Decifra-me ou te devoro

Alguém tem dúvida de que o mundo está mudando numa velocidade inédita? Que estamos procriando demais? Que os recursos estão escasseando? Que jogamos fora quase tudo que consumimos e que não tem tanto lugar para tanta merda? E pior, que um reflexo condicionado nos faz acelerar ainda mais, procriar mais, destruir mais, consumir mais, cagar mais?

E esse reflexo tornou-se a base da pirâmide de necessidades do ser humano no século XXI. É ele que nos tira da cama todos os dias, nos faz olhar o mundo com retinas calcificadas, nos faz rir e chorar, esperar e sofrer.

Uma velha senhora me disse certa vez, quando me via aflito e estressado: “Seu problema é um problema que é?” Eu obviamente não entendi nada, porque esse vício que nos habita e nutre também faz isso com a gente: embrutece. Então, ela acrescentou: “Existem problemas que são problemas e há os que nós criamos. A gente tem que separar um do outro para só lutar pelos primeiros.”

E parece, parece, que nós criamos mais problemas do que encontramos. Nós. Porque mais ou menos quatro quintos dos outros seres humanos sobrevivem lutando contra aqueles que encontram.

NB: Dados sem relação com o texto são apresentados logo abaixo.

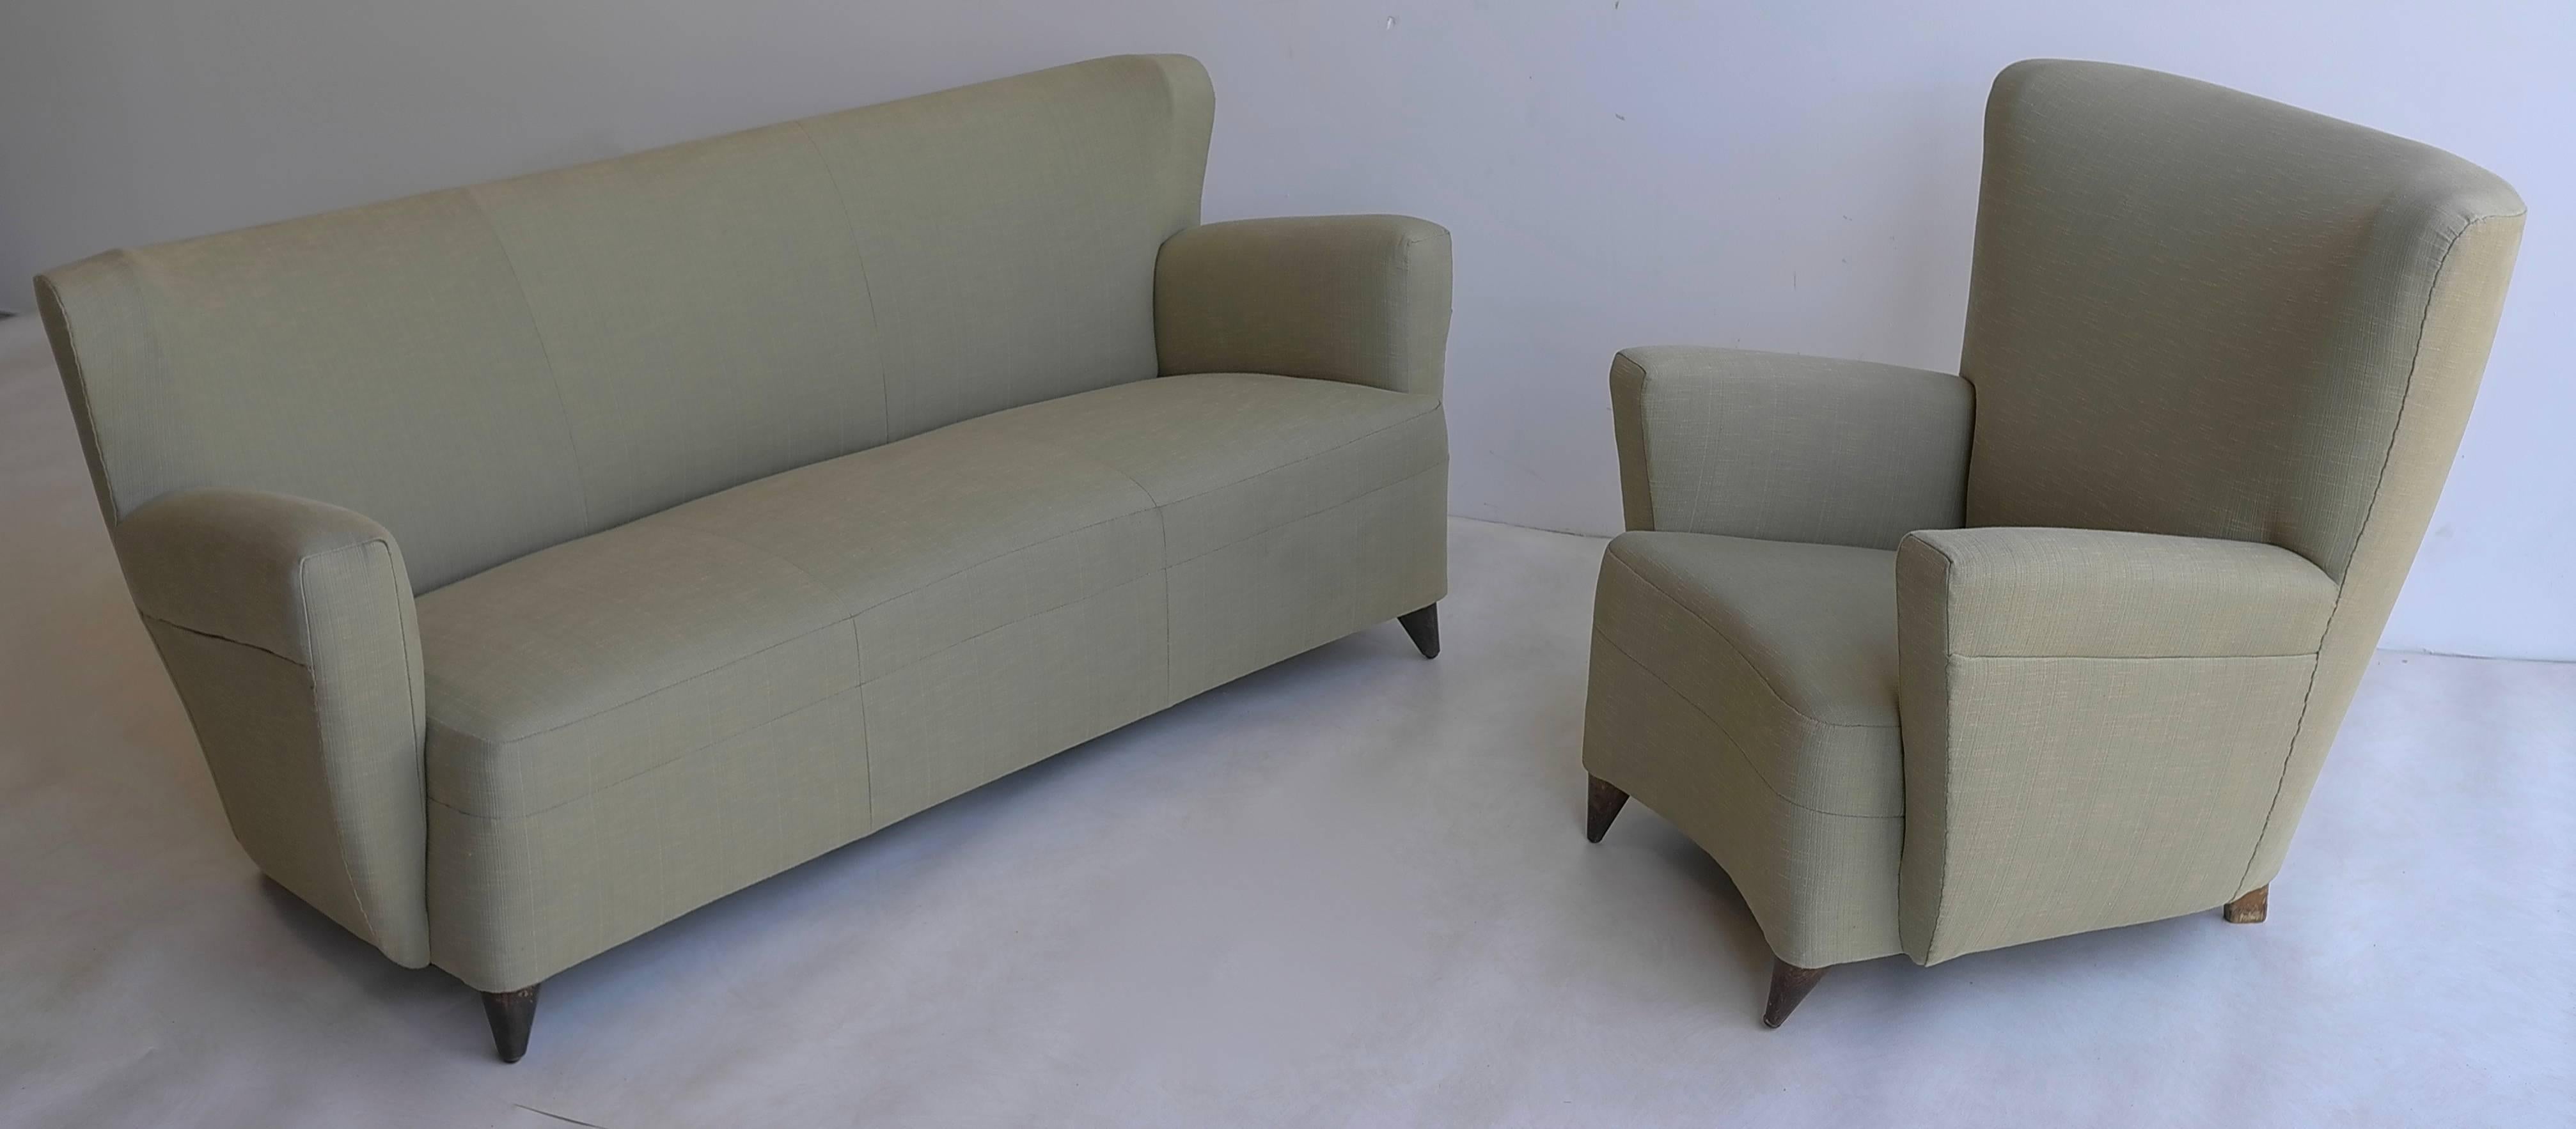 Green Italian sofa and armchair in style of Gio Ponti. Newly upholstered in fine green fabric.
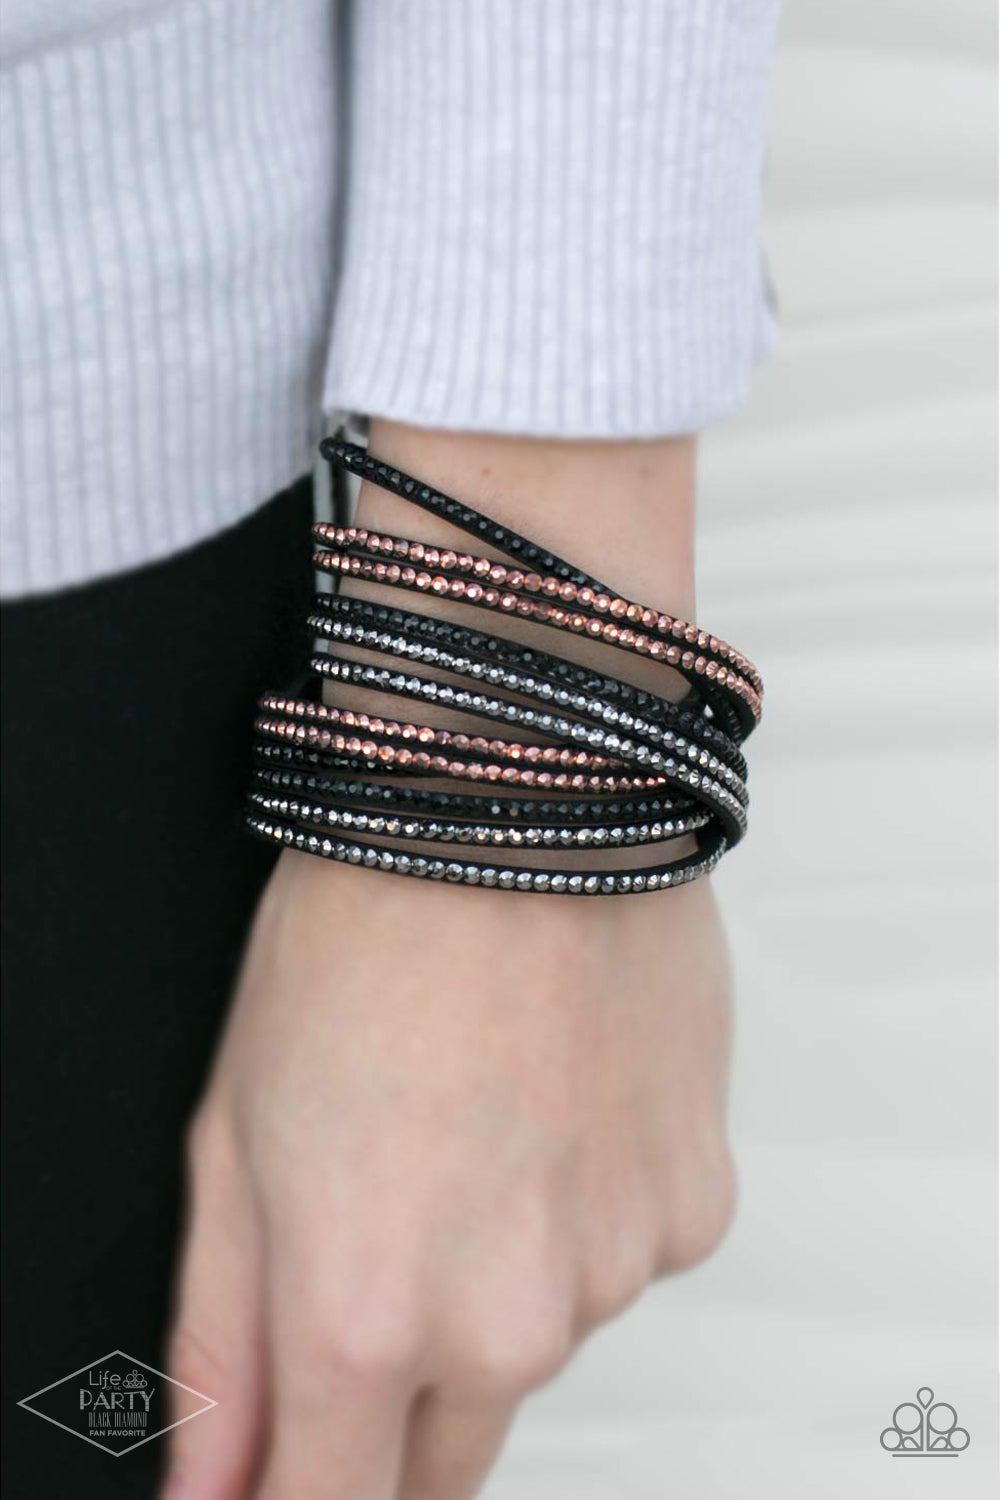 Black suede is spliced into six strands and embellished with rows of black, hematite, and metallic rhinestones brushed in a copper finish for a glitzy combination. The elongated leather band allow for a trendy double wrap design. Features an adjustable snap closure.  Sold as one individual bracelet. CAN BE WORN AS A CHOKER NECKLACE AS WELL!

Nós criamos muitos problemas e quase tudo que fazemos, além disso, é criar soluções para os problemas que criamos.

Inventamos os meios de comunicação, por exemplo, e não foi só para resolver nossa atávica solidão (um real problema), mas para reverberar nosso próprio discurso. Diante da aparente necessidade de falar para os outros, o que queremos é uma espécie de masturbação intelectual ou emocional. E como gostamos disso.

Inventamos a Internet, por exemplo. Não foi só para democratizar e fomentar o conhecimento (uma real necessidade), mas para gozarmos da nossa própria voz e ejacularmos nosso próprio poder.

Assim, passada a euforia e a propaganda excitada sobre as enormes mudanças de paradigmas, as colossais perspectivas e incomensuráveis esperanças que as plataformas digitais (incluindo a Internet) proporcionam, é hora de também considerar o que se esconde por detrás desse tesão.

Em larga medida, a gente está substituindo o aprendizado e o saber pela possibilidade do saber e do aprendizado. Antes eu precisava aprender para ser. Hoje, basta eu saber que eu posso saber quando eu precisar saber. Que é fácil, rápido, digerido e de graça. E esperando pelo gatilho da necessidade, a gente se distrai e afunda na preguiça.

Estamos também substituindo o olhar crítico, analisado, referenciado, pela opinião instintiva. Antes, para eu dizer e divulgar, eu precisava pesquisar. Hoje, basta eu escrever o que dá na veneta e sei que isso é uma bola-de-neve que se transforma em cataclismo, por força e obra de um incontrolável acaso.

Em tempos de enciclopédias livres, o conhecimento “a priori” é inútil. A memória é inútil. No limite, qualquer esforço intelectual é inútil.

Em tempos de jornalismo colaborativo, a opinião “com fonte” é acessória. A comprovação é inútil. No limite, a História é inútil.

É como se estivéssemos experimentando um novo mundo. Deliciosamente entorpecente e aleatório.

A internet é a mais tentadora das esfinges.